━━ Data extract ━━
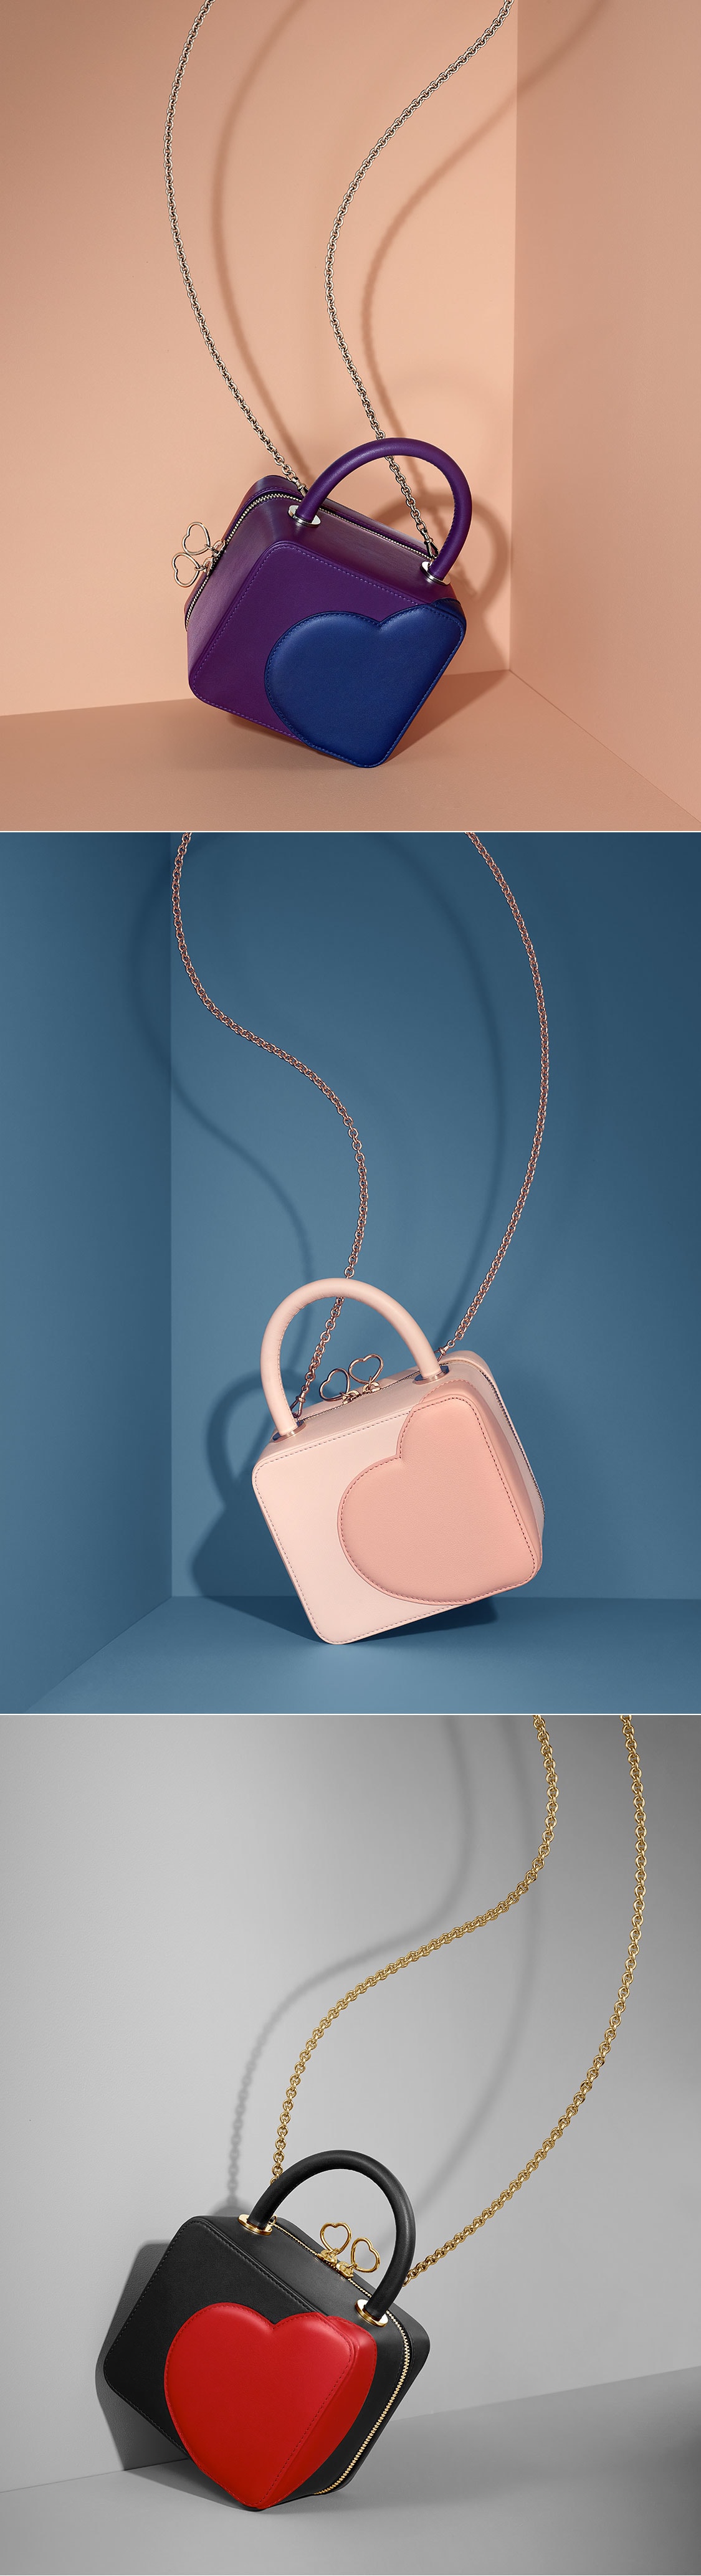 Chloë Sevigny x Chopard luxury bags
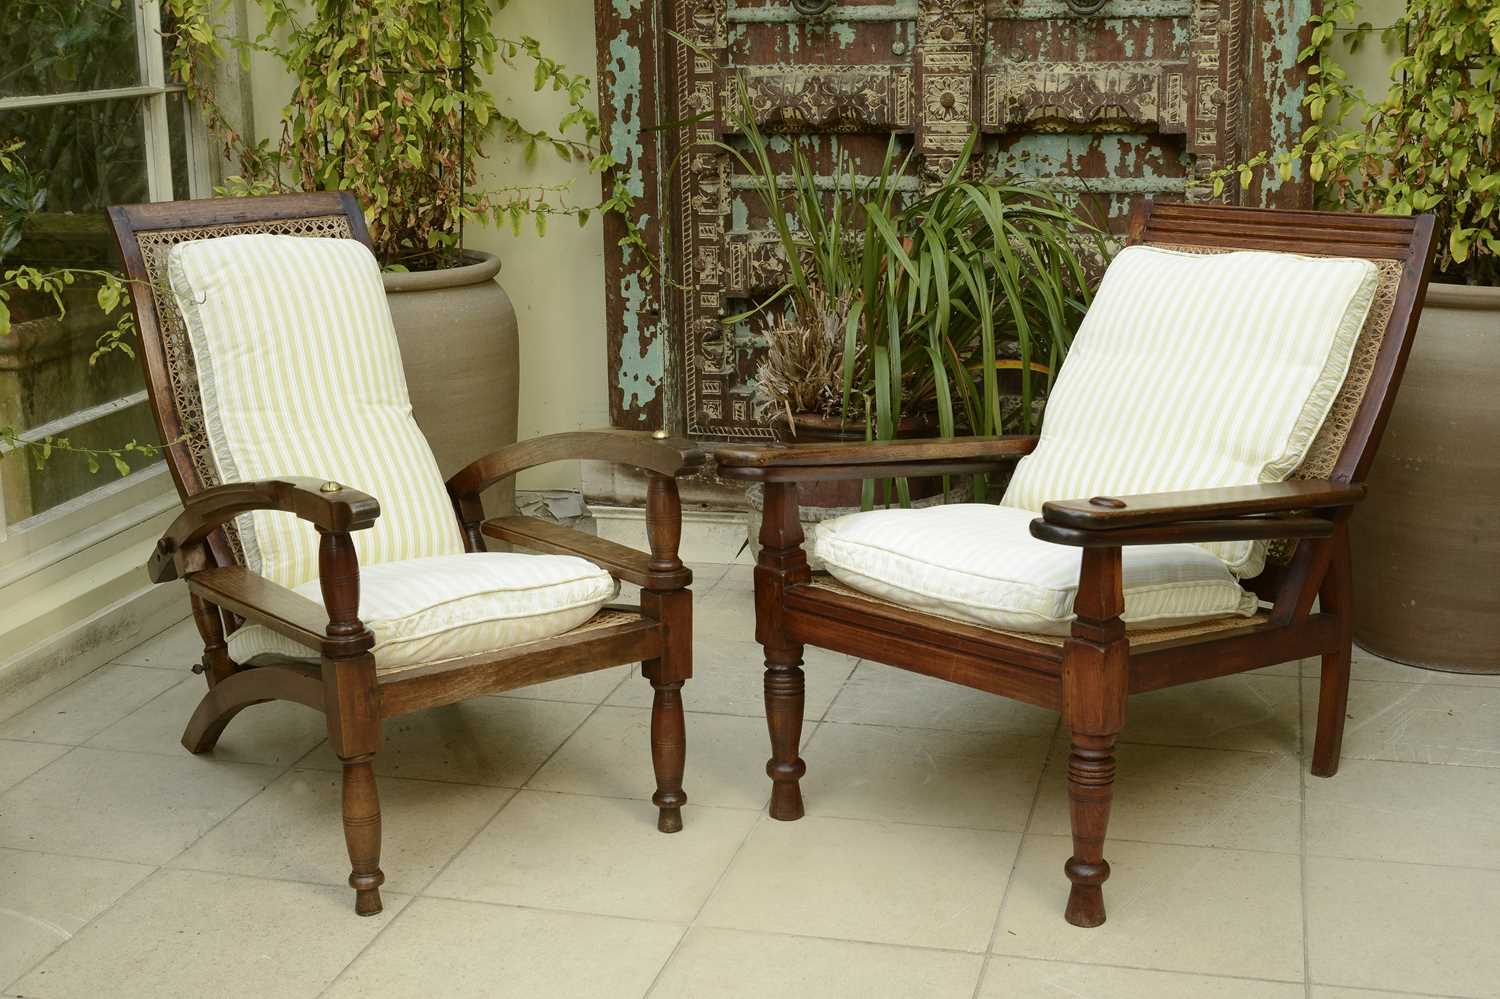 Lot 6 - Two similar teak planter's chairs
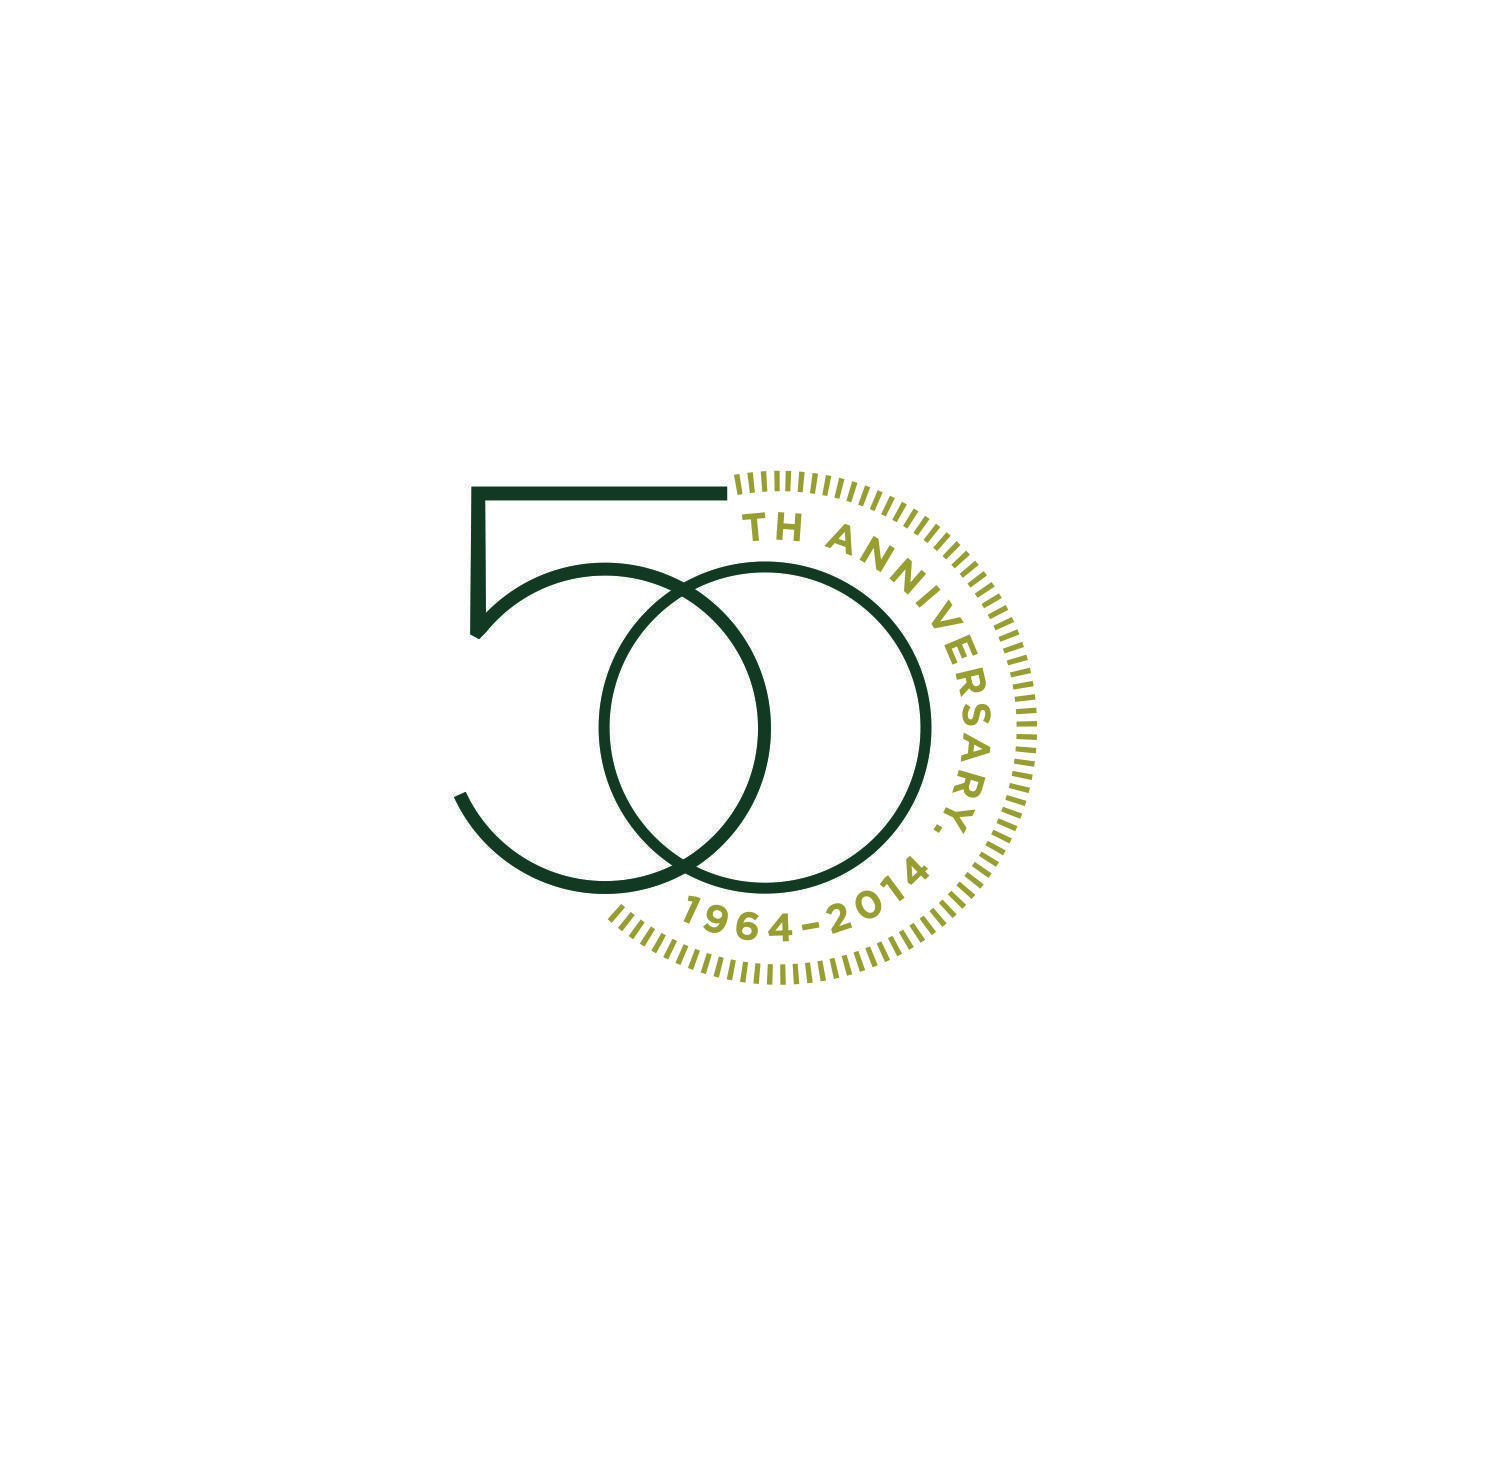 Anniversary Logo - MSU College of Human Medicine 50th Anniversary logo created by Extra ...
━━━
- Work to complete: Skip all pictures. Write out only the lines from the one containing "Lot 6 - Two similar teak planter's chairs" to the end of the listing above, inclusive, exactly as given.

- Task response:
 Lot 6 - Two similar teak planter's chairs
 Anniversary Logo - MSU College of Human Medicine 50th Anniversary logo created by Extra ...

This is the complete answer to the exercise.